Da Sozialabgaben und "nur" knapp die Hälfte vom Brutto, ist es wirklich Krankengeld, also von der GKV.

Die unterliegt dem Progressionsvorbehalt, die 5000 von A werden also mit dem Steuersatz versteuert, der sich aus der Splittingtabelle für mtl. 7300 ergibt.

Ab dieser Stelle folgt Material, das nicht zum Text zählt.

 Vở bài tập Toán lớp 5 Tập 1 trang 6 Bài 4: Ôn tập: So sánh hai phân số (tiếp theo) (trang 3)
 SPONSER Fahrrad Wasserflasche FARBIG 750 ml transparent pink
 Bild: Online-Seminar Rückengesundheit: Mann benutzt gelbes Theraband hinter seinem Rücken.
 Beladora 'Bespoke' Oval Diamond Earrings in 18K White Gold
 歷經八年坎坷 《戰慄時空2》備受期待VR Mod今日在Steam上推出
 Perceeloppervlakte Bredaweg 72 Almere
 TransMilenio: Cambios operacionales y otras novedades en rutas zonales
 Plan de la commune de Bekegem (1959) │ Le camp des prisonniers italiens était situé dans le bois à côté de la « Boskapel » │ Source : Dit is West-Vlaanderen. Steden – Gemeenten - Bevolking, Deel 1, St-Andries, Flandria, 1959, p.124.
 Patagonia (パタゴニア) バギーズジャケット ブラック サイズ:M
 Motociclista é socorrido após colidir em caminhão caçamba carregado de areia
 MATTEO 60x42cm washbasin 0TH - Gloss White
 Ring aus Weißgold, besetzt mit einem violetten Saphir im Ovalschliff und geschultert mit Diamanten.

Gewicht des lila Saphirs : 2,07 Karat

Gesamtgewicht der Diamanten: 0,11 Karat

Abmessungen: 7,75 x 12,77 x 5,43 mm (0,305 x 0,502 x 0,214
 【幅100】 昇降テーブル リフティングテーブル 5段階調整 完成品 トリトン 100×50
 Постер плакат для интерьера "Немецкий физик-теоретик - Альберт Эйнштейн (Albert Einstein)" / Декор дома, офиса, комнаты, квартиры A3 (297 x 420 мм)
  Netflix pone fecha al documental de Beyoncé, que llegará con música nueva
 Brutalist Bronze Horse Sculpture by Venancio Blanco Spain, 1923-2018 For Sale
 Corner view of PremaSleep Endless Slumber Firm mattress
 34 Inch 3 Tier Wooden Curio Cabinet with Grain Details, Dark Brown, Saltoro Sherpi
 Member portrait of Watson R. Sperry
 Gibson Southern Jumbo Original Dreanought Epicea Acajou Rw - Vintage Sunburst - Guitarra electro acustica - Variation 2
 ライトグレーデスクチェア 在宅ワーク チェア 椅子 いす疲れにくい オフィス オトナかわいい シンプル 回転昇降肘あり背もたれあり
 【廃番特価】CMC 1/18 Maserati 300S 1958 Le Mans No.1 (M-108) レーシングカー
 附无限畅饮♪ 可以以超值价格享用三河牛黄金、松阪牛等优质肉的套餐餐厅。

Mit der Kombination 4/4 bekommt Ihr eine Erstattung, mit 3/5 wäre eine heftige Nachzahlung fällig.

Da Ihr vermutlich nicht Hunger leiden müsst, belasst es bei der jetzigen Konstellation.

Kommentar von JimPanse ,

Nur, dass ich das richtig verstehe:

Person A zahlt laut Grundtabelle bei einem Jahreseinkommen von 60000€, 16961€ Lohnsteuer (=28%) (https://www.bmf-steuerrechner.de/uebersicht_ekst/?)

Um den Steuersatz nach Ehegattensplitting zu ermitteln, schaue ich in die Splittingtabelle. Da das Krankengeld dem Progressionsvorbehalt unterliegt, schaue ich in dieser Tabelle bei 60000+12*2200=86400 nach (runden wir mal auf 85000). Daraus ergibt sich eine Steuerbelastung von 19714 € (=23%). Dieser Steuersatz wird nun auf das zu versteuernde Einkommen von Person A und B angewendet (=60000)???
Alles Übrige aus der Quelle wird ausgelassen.